The following figure shows an overview of our approach. We discover sub-networks in the original multilingual language model that are good foundations for learning various tasks and languages (a). Then, we investigate to what extent these sub-networks are similar by transferring them across other task-language pairs (b). In this example, the blue and red lines show sub-networks found for French and Urdu, respectively, and purple connections are shared in both sub-networks. Dashed lines show the weights that are removed in the pruning phase.

alt text

Requirements

We recommend using a conda environment for running the scripts. You can run the following commands to create the conda environment (assuming CUDA11.3):

conda create -n mbert_tickets python=3.6.10
conda activate mbert_tickets
pip install -r requirements.txt
conda install faiss-cpu -c pytorch

Usage

In all the following experiments, you can either pass the arguments directly to the python script or specify the arguments in a JSON file and pass the file path to the script. You can find examples of such a JSON file in the configs folder.

Extract Sub-networks

MLM task:

To prepare the data for each language you need to perform the following steps:

  1. Download the wikipedia dump of the language, e.g. https://dumps.wikimedia.org/enwiki/latest/enwiki-latest-pages-articles.xml.bz2 for English.

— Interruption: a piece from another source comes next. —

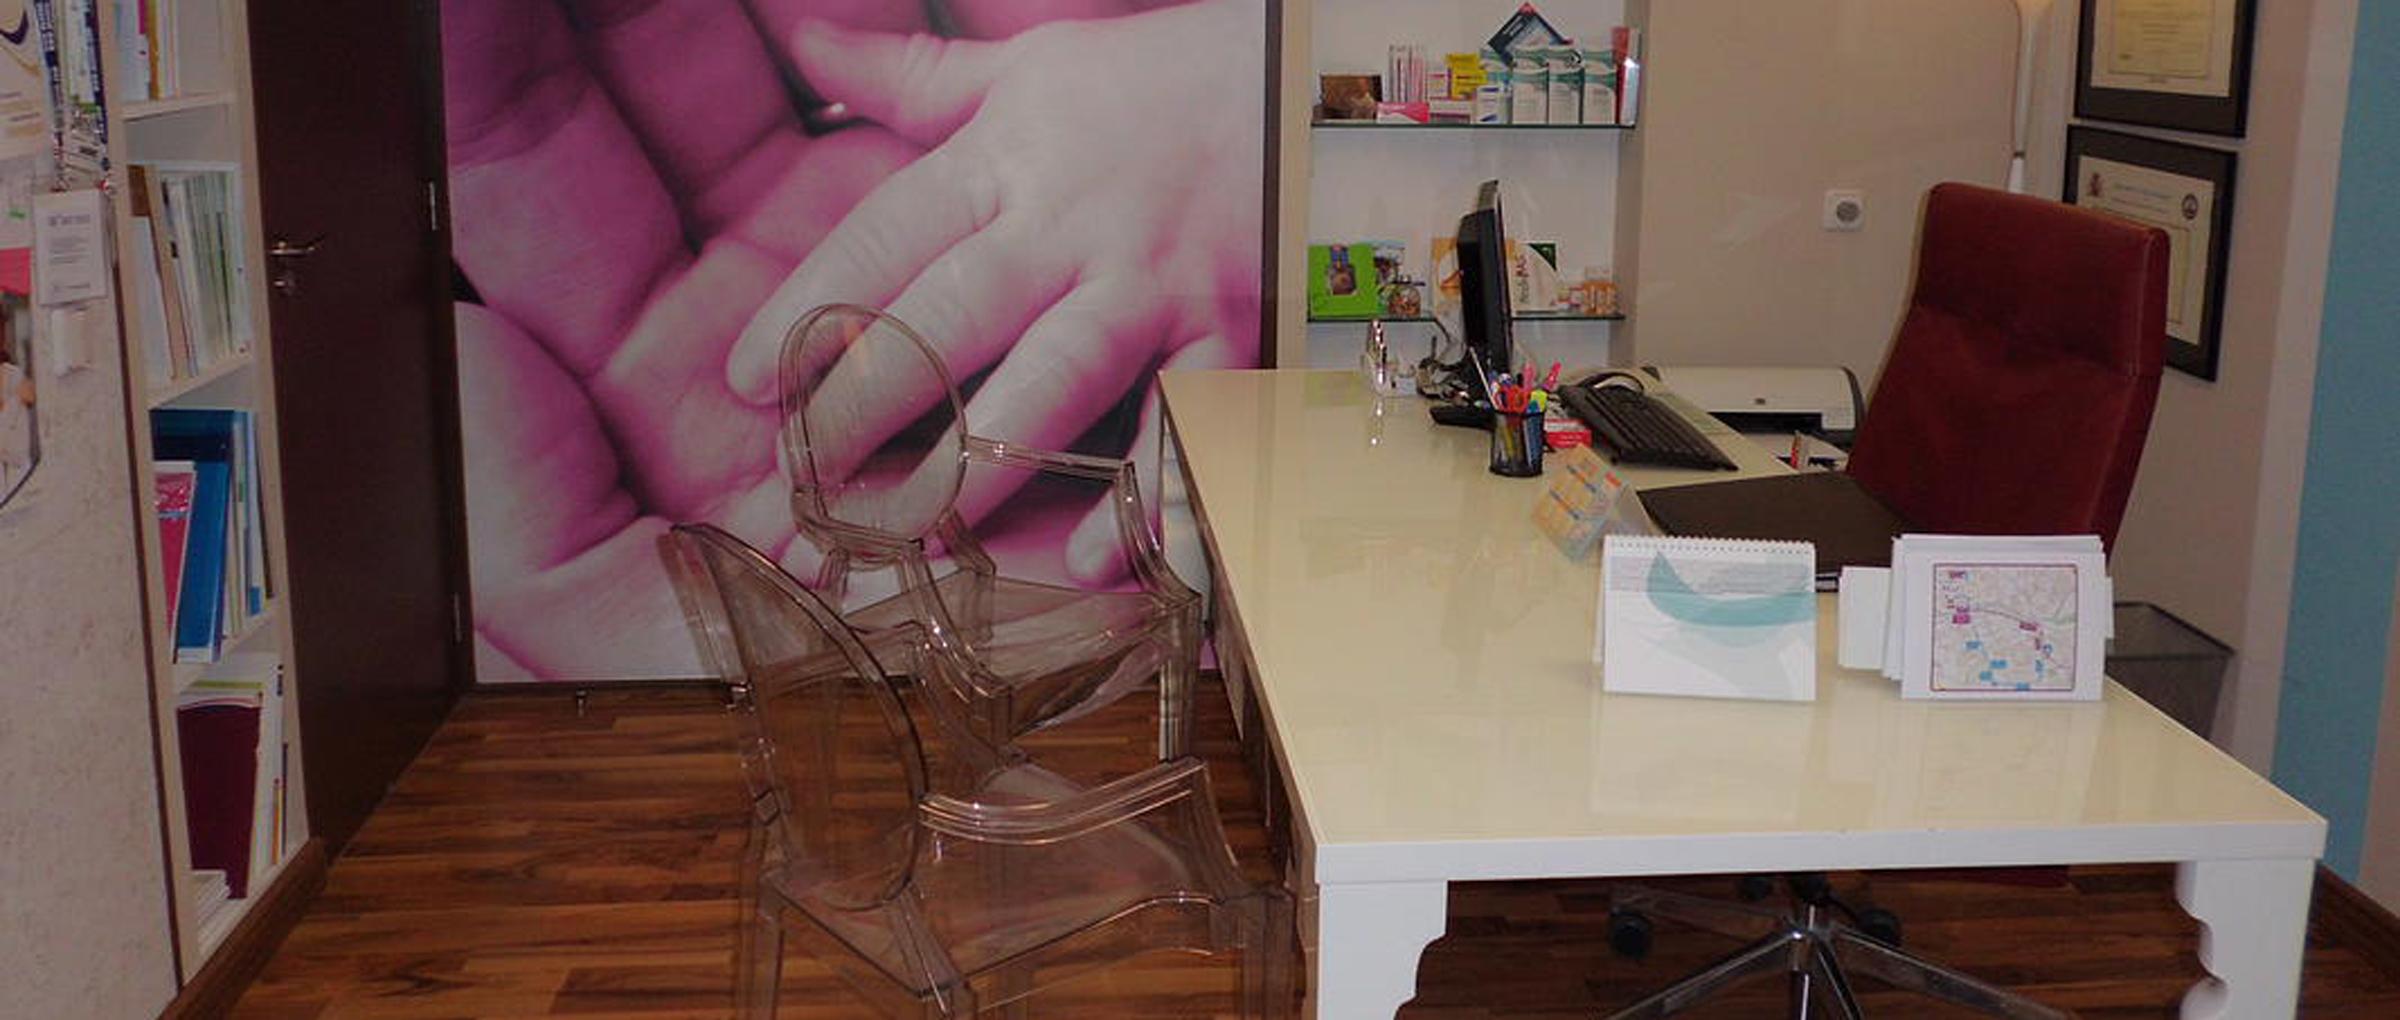 Consulta ginecológica y reproductiva Imar

  2. Install the Wikiextractor to extract and clean the Wikipedia data.

  3. Process and clean the data using the Wikiextractor script and generate a JSON file.

    python -m wikiextractor.WikiExtractor <Wikipedia dump file (xml file)> --output en.data.json --bytes 100G --json --quiet

  4. Divide the data (en.data.json) into train and validation partitions and create en.train.json and en.valid.json. Alternatively, you can use the whole data as the train partition, and specify the validation ratio by val_data_ratio argument.

python LT_pretrain.py \
	--output_dir LT_pretrain_model \
	--model_type mbert \
	--model_name_or_path bert-base-multilingual-cased \
	--train_file pretrain_data/en.train.json \
	--do_train \
	--validation_file pretrain_data/en.valid.json \
	--do_eval \
	--per_device_train_batch_size 16 \
	--per_device_eval_batch_size 16 \
	--evaluate_during_training \
	--num_train_epochs 1 \
	--logging_steps 10000 \
	--save_steps 10000 \
	--mlm \
	--overwrite_output_dir \
	--seed 57

NER task:

python LT_ner.py \
	--output_dir tmp/ner \
	--data_language fr \
	--task_name ner \
	--dataset_name wikiann \
	--model_name_or_path bert-base-multilingual-cased \
	--do_train \
	--do_eval \
	--max_seq_length 128 \
	--per_device_train_batch_size 32 \
	--per_device_eval_batch_size 32 \
	--learning_rate 2e-5 \
	--num_train_epochs 30 \
	--overwrite_output_dir \
	--evaluate_during_training \
	--logging_steps 1875 \
	--save_steps 1875 \
	--pad_to_max_length \
	--seed 57

XNLI task:

To run experiments for the mBERT model use LT_xnli.py, and to run experiments for the mT5 model use LT_mt5_xnli.py.

python LT_xnli.py \
	--output_dir tmp/xnli \
	--data_language fr \
	--task_name xnli \
	--dataset_name xnli \
	--model_name_or_path bert-base-multilingual-cased \
	--do_train \
	--do_eval \
	--max_seq_length 128 \
	--per_device_train_batch_size 32 \
	--per_device_eval_batch_size 32 \
	--learning_rate 5e-5 \
	--num_train_epochs 30  \
	--overwrite_output_dir \
	--evaluate_during_training \
	--logging_steps 36813 \
	--save_steps 36813 \
	--pad_to_max_length \
	--seed 57

Fine-tuning Sub-networks

MLM task:

To prepare the data for the MLM task follow the steps mentioned here.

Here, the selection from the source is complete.